The present invention is directed to a saw guide, system, and process for using the saw guide. A saw guide includes a housing, boom, and finger member. The substantially-rigid housing of the present invention has a central cavity, expandably adjustable along at least one guide bar to accommodate a saw handle. The housing can include a peripheral track channel with an axial housing compressor to secure the boom. The elongate boom is slidably mounted within the peripheral track channel and extends from the track channel. The substantially-rigid finger is rotatably and slidably affixed about said boom. The finger extends axially from the boom beyond an extant of the housing. The finger has a compressor adapted to form a press fit between the finger and the boom.

The system of the present invention includes a portable, mechanical saw having radially actuating teeth about a guide blade, extending into a saw casing, having a length and height. The casing includes a handle. A process of the present invention includes bracing a wood log having a cross-cut end surface. Then one slidably adjusts a substantially rigid finger member about a guide boom axially extending from a portable, mechanical saw, with the finger member having a finger length less than a saw guide blade height. The finger member is locked upon the guide boom. The finger member may be rotated to contact said cross-cut end surface in a position oriented to permit contact of the wood by the guide blade. Then saw teeth are initiated into actuation and the wood log is cross cut.

These aspects of the invention are not meant to be exclusive. Furthermore, some features may apply to certain versions of the invention, but not others.
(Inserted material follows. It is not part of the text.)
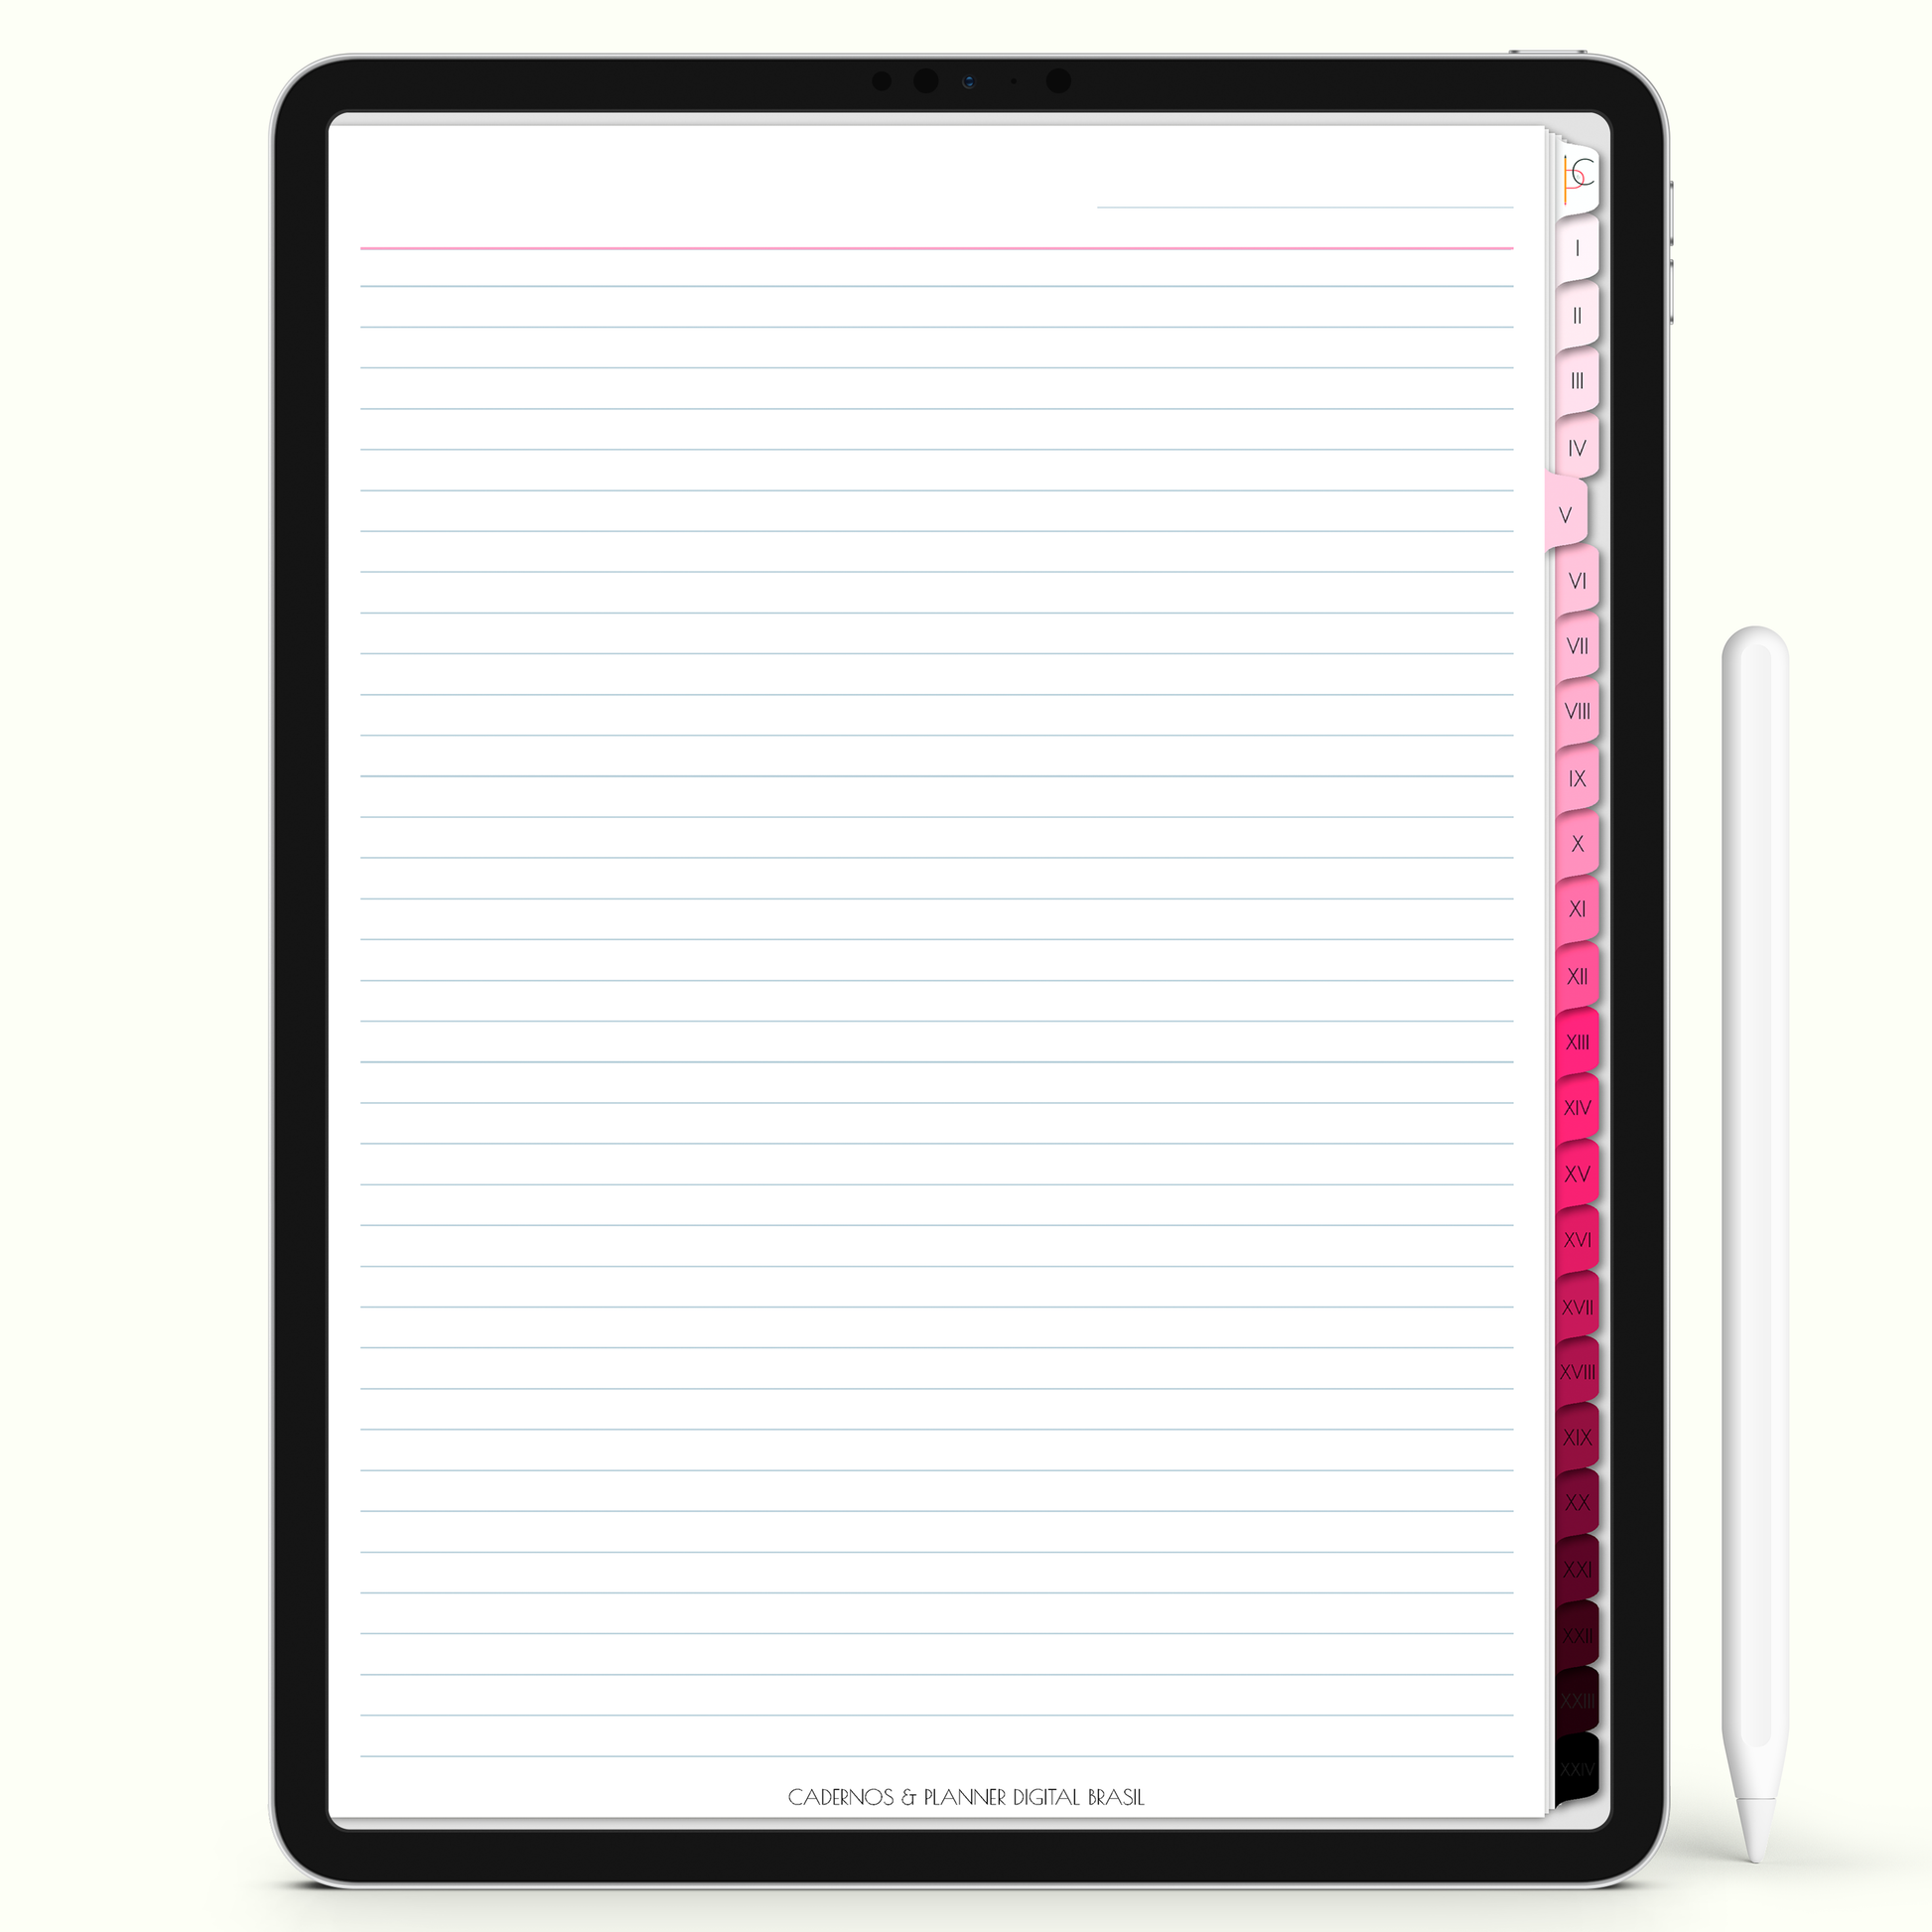 Caderno Digital Blush 24 Matérias - Páginas Pautadas do Caderno Digital para iPad e Tablet Android. Cadernos & Planner Digital Brasil
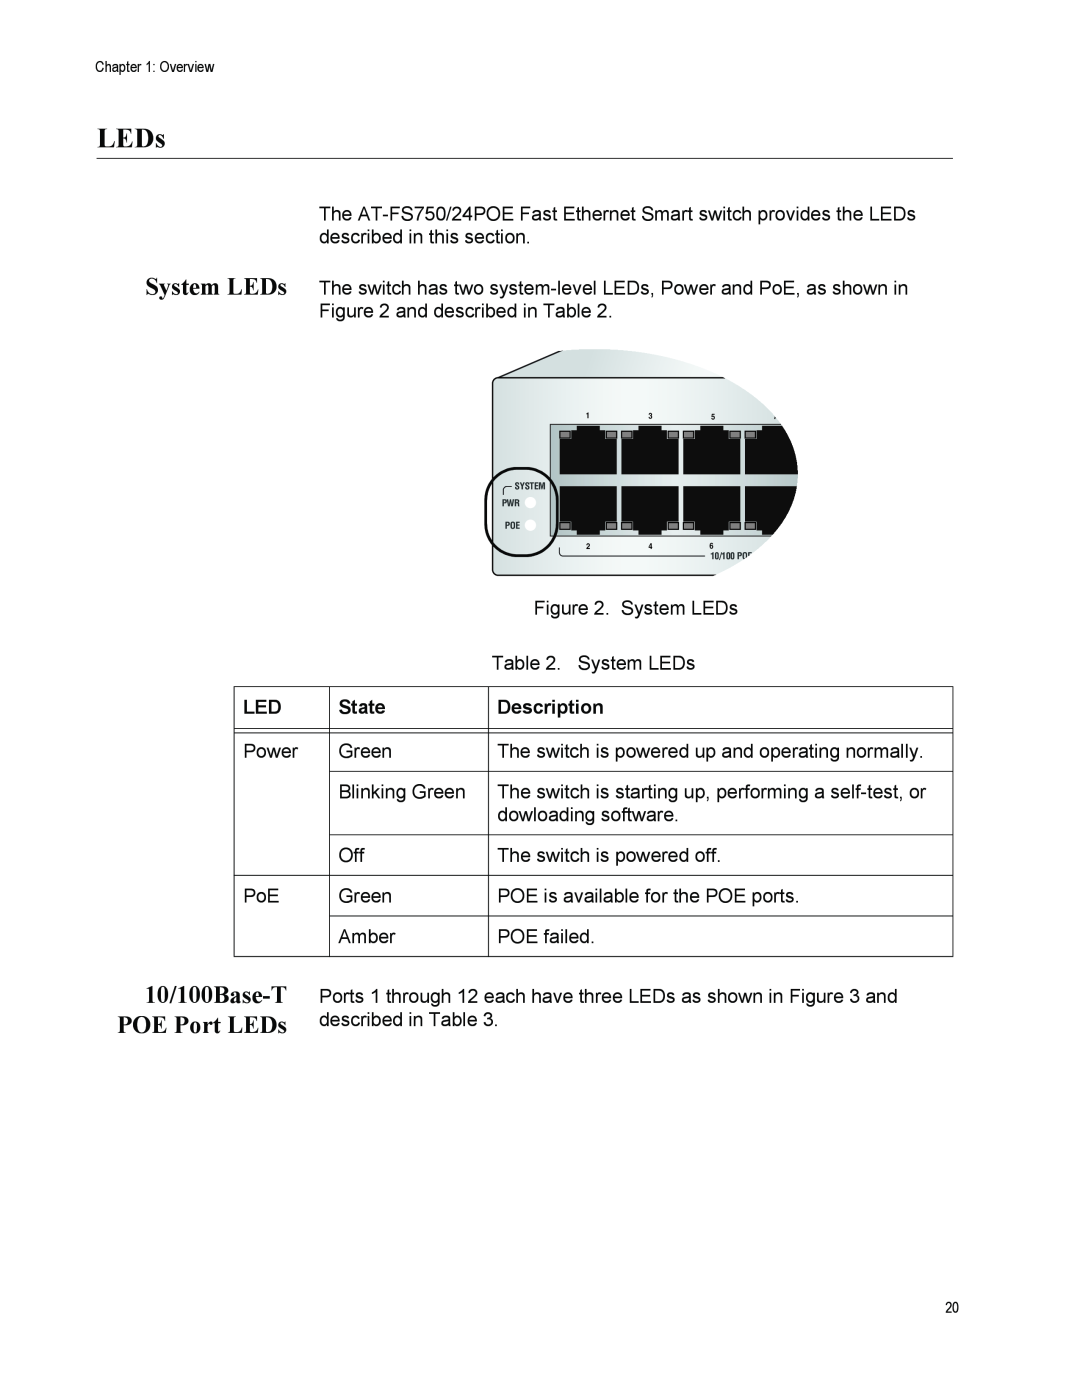 Allied Telesis AT-FS750/24POE manual 10/100Base-T POE Port LEDs, State, Description

Other features, aspects, and advantages of the present invention will be readily apparent to those of ordinary skill in the art when read in conjunction with the following description, and accompanying drawings.

BRIEF DESCRIPTION OF THE DRAWINGS

FIG. 1 is a perspective view of an embodiment of a saw guide of the present invention.

FIG. 2 is a perspective view of an embodiment of a system of the present invention.

FIG. 3 is a top plan view of an embodiment of a saw guide of the present invention.

FIG. 4 is a front plan view of an embodiment of a saw guide of the present invention.

FIG. 5 is a rear plan view of an embodiment of a saw guide of the present invention.

FIG. 6 is an upper, perspective view of an embodiment of a saw guide of the present invention.

FIG. 7 is an upper, perspective view of an embodiment of a saw guide of the present invention.

FIG. 8 is an exploded view of an embodiment of a saw guide of the present invention.

FIG. 9 is an exploded view of a version of a housing of the present invention taken along view line AA (from FIG. 8).

FIG. 10 is an exploded view of a version of a housing of the present invention.

FIG. 11 is an exploded view of a version of a housing of the present invention.

FIG. 12 is an exploded, revealed view of a version of a housing of the present invention.

FIG. 13 is an exploded, isolated view of a version of a finger and boom of the present invention taken along view line BB (from FIG. 8).

FIG. 14 is a perspective, exploded view of an embodiment of a finger of the present invention.

FIG. 15 is a perspective, exploded, revealed view of an embodiment of a finger of the present invention.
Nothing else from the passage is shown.